Saving Our Next Generation
Postdoctoral Fellow, Dr James Wilmott is hoping to help by searching for early-detection genetic markers and treatment options that are specific to this age group.
“New drugs that target genetic mutations specific to a patient’s melanoma look extremely promising. But young patients have been largely overlooked in this kind of research. This study will address that gap by characterising all the gene mutations in blood and melanomas from young people with melanoma.”
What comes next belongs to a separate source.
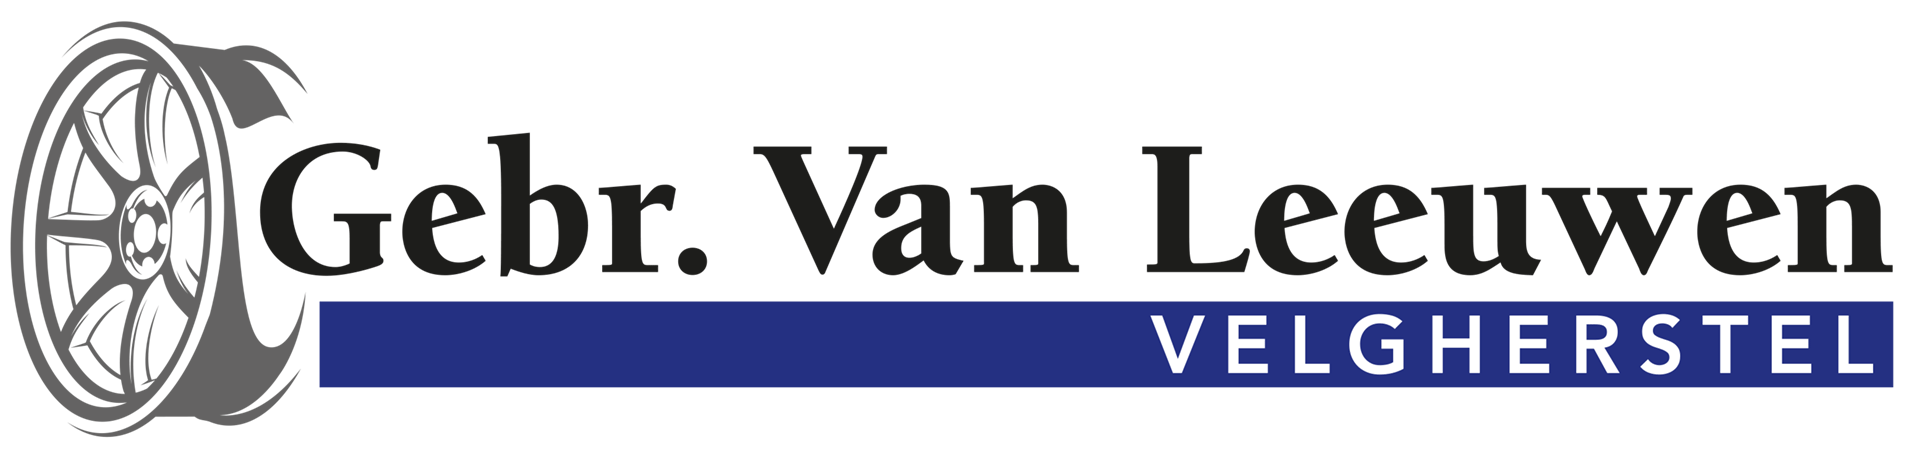 Logo - Van Leeuwen Velgherstel
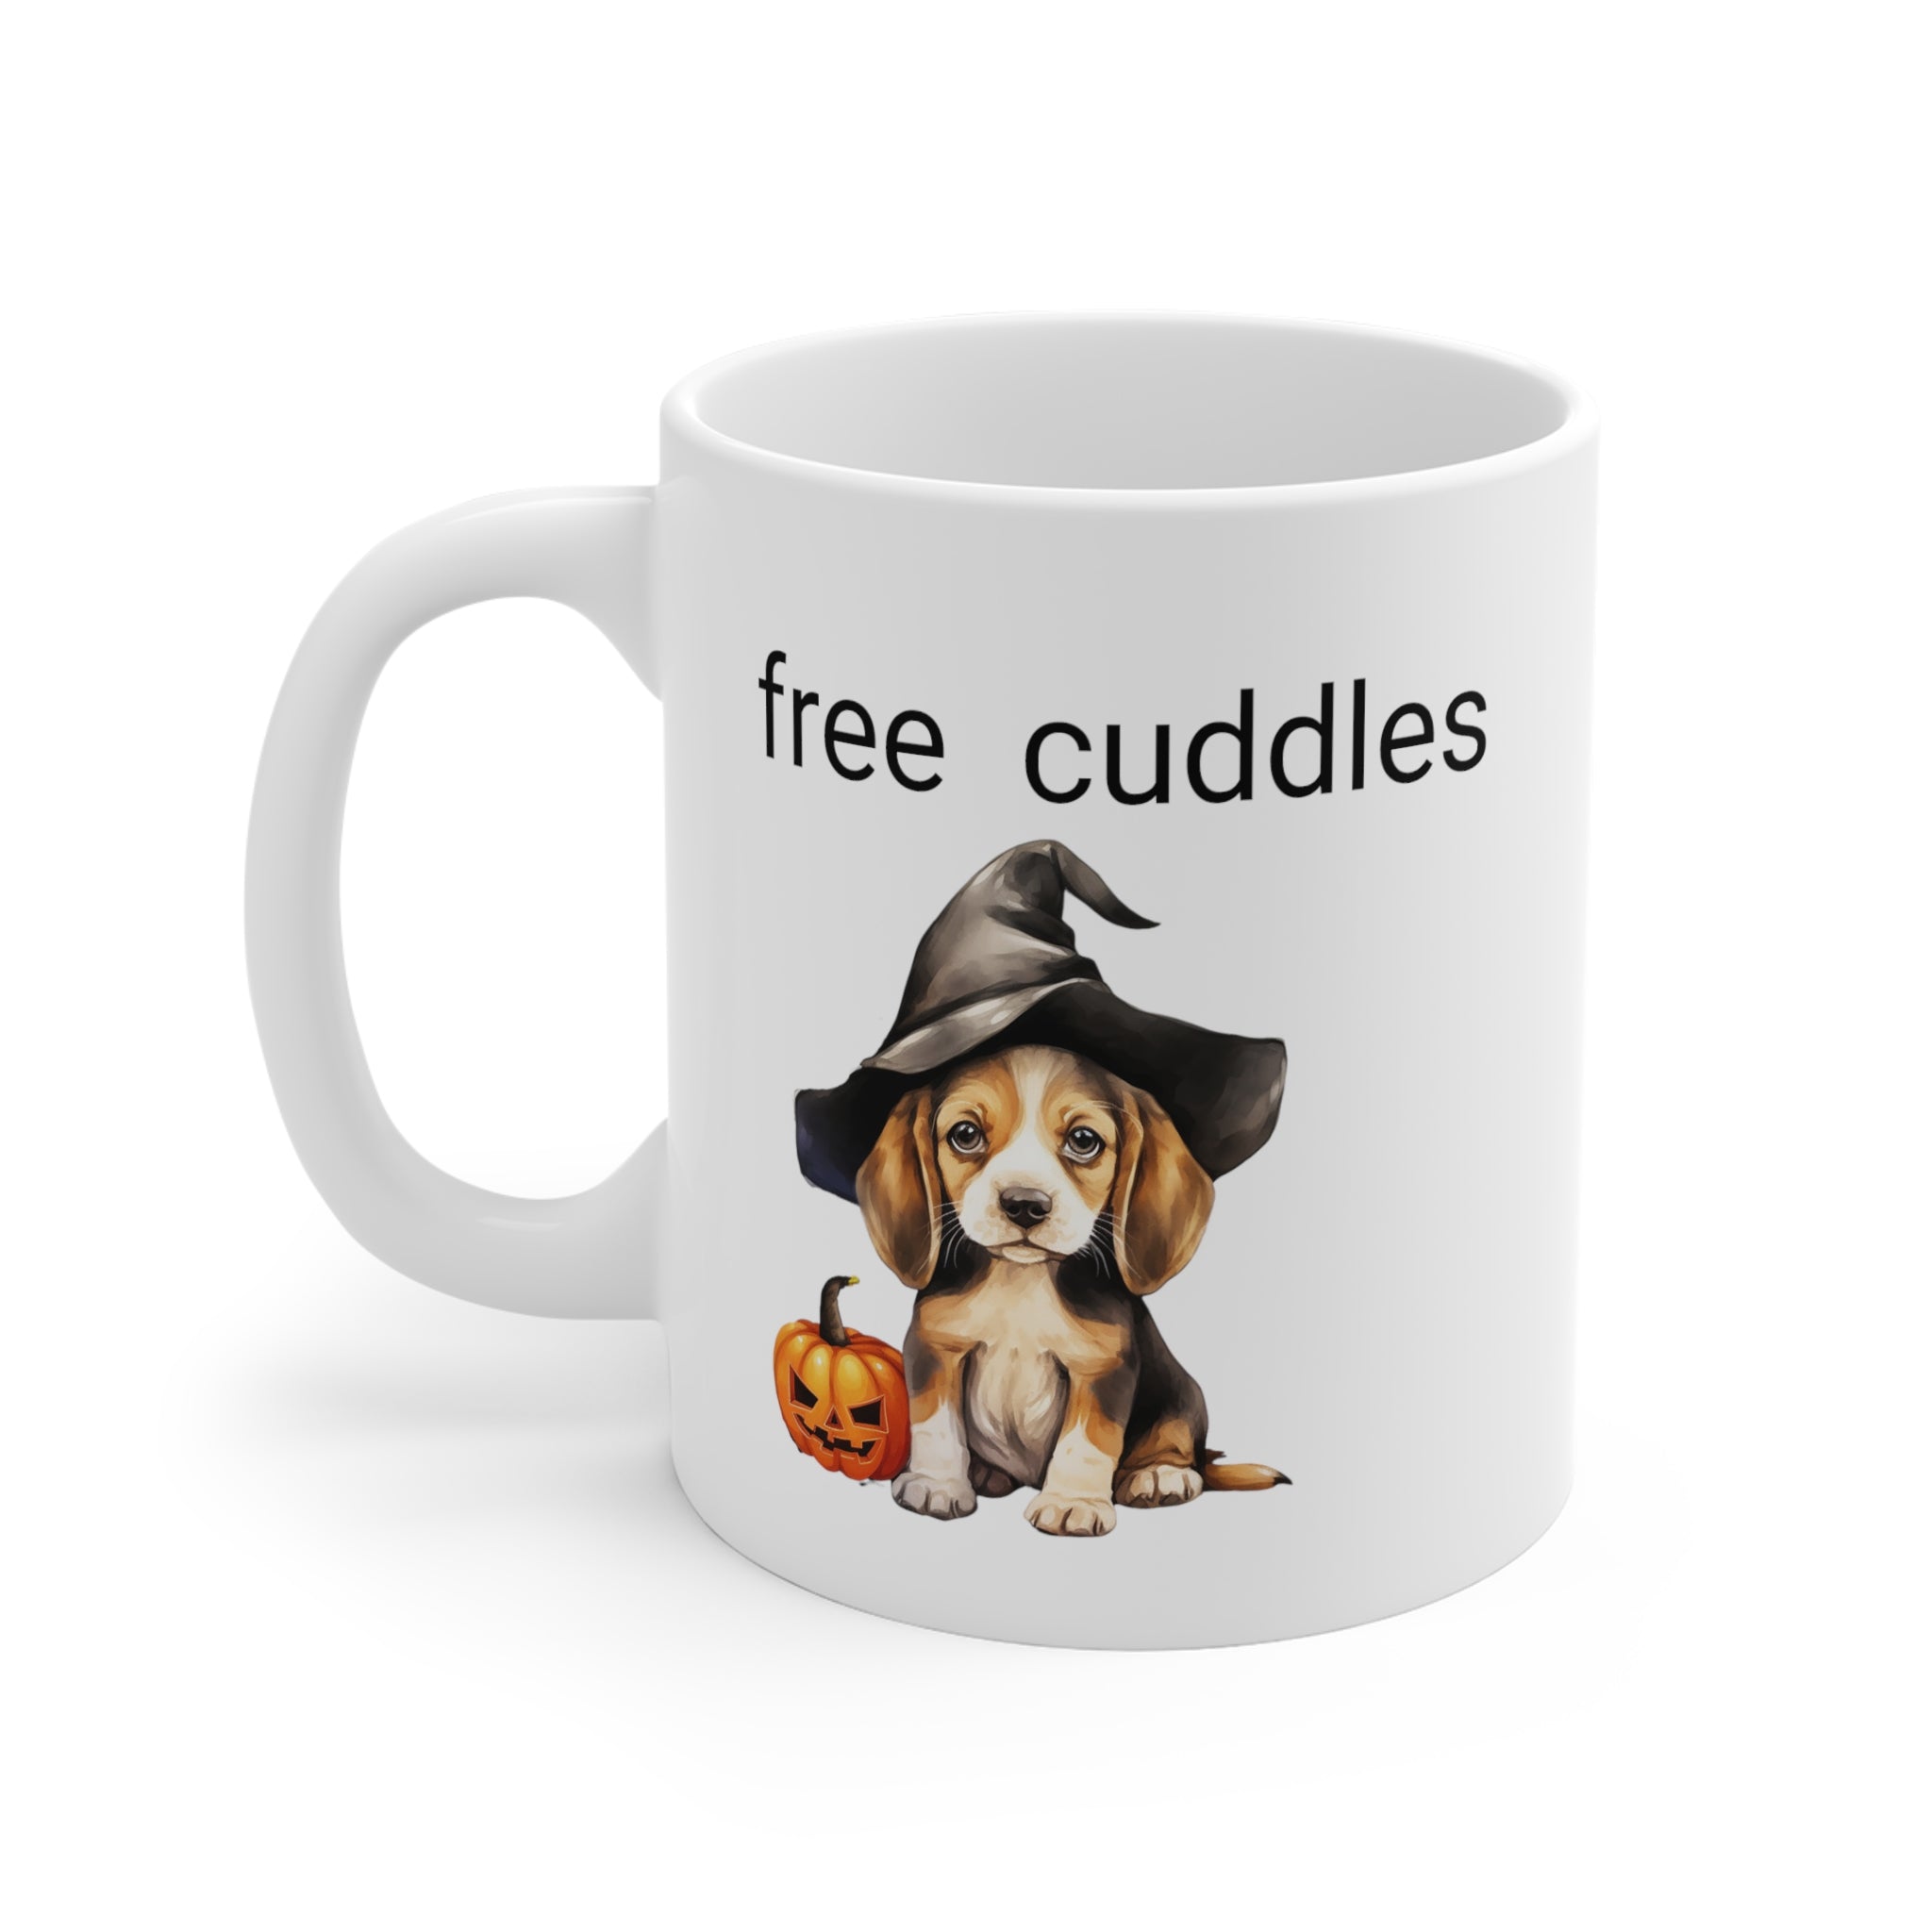 Halloween coffee mug puppy cute free cuddles in witch hat  gift and stocking stuffer White Ceramic Mug

The study is the first of its kind in the world. Data benefitting a range of research groups will be made available in Australia and abroad, bringing together pathologists, oncologists, surgeons, epidemiologists, computational biologists and researchers to focus on youth melanoma.
The goal is to identify the best genes for new drugs to target and uncover genetic mutations that predispose young patients to melanoma. It’s a unique and inventive way to detect melanoma in young people. And it will have the side benefit of helping them understand the benefits of sun safe behaviour and regular skin checks to reduce their risk of melanoma.
The data generated by the project will ensure that young melanoma patients are not left behind in innovations in personalised medicine, making a real difference to people in the prime of their lives.